# New Bohning Griffin Vanes



## styks n stryngs (Jan 6, 2015)

Anyone else see these monstrosities? On Lancaster right now. I honestly don't think these will catch on at all given the price and the weight, but I could be wrong, of course.


----------



## Stash (Jun 1, 2002)

Fifty bucks? And the things are only 1” long by a fifth of an inch tall?

Man, I sure would like to meet anyone who would actually pay retail price for these things.


----------



## ryan b. (Sep 1, 2005)

$60tyd.. and you get 4, yes four, replacement vanes. Can Get 150 Eli/xs/spider etc for that price. So literally 3 times as much as any other proven vane.


----------



## caspian (Jan 13, 2009)

I'm sure some people will buy them in the hope they will be the extra points secret sauce.


----------



## Stash (Jun 1, 2002)

Yeah, then they can put their FOBs in the junk drawer alongside their Turbo Nocks.


----------



## maxpowerpc2000 (Apr 5, 2010)

I believe the new price is 50$ for 40 vanes.
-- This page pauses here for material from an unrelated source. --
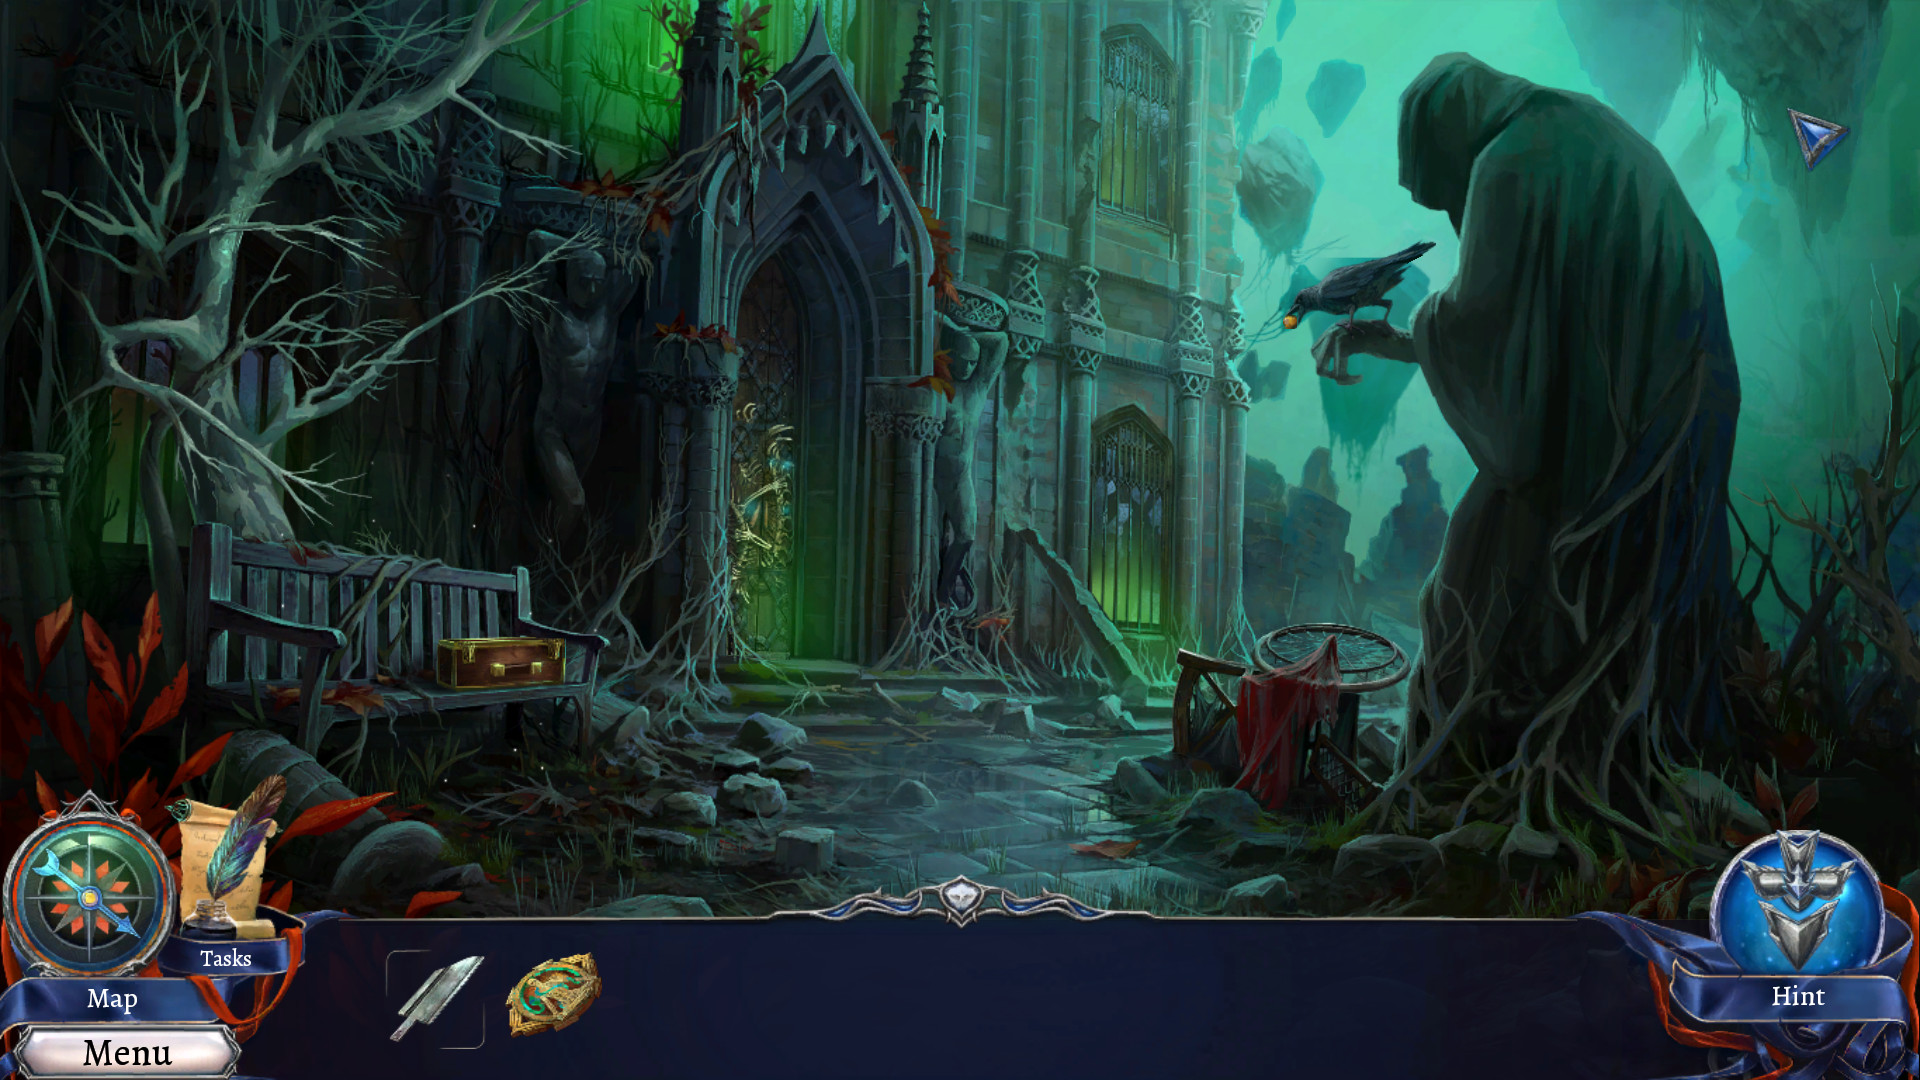 Grim Legends 3: The Dark City / Мрачные легенды 3: Темный город [2016|Rus]

I am interested but need some reviews before buying....


----------



## SHPoet (Nov 13, 2009)

I actually have 9 of them that are a bit bigger and are for compound use. I'm going to fletch 3 Fatboys I use for 3D with them and see how it goes. The biggest problem is that they won't fit in a Bitz or Arizona our even a Bohning jig because of the design. I'm going to try an LCA jig today. If that doesn't work I'm going to tape them and fletch them like a spinwing using marks on the arrow. 

I'll report back.

I do like how dang stiff they are but there are lots of vanes in the compound world that you can almost cut yourself on.


----------



## russch (Jun 15, 2002)

I got a package. They come 40 to a package with two adapters so you can use a Bitz or similar jig without crushing the vane. Fletch up easily. Used a Straight Clamp. Shooting Barebow Recurve at 20 yards from my 28lb bow. Seem to fly good. Impact at 20yards a lttle different from my other Bohning vanes. Still too soon to determine whether better or not. Just bought the new Bohning Jig and I was disappointed these Vanes did not fit in one of the provided clamps. Guessing they will come up with an additional clamp if enough of us ask them about it. New and unique. Thinking outside the box is always a good thing. Let’s not be too soon to judge.


----------



## Gregjlongbow (Jun 15, 2016)

I think it's an improvement on the AAE WAV vane which was a really great performer for me, but was constantly getting bent out of shape. It seems like this material is significantly less likely to do that. In this video he rolls and scrunches the vane and it flops back to shape perfectly. Not sure how long that quality lasts, but if the shape with the cutouts does offer less side to side wind resistance it might be good. The weight isn't great. 1.2grns plus glue is a bit heavy.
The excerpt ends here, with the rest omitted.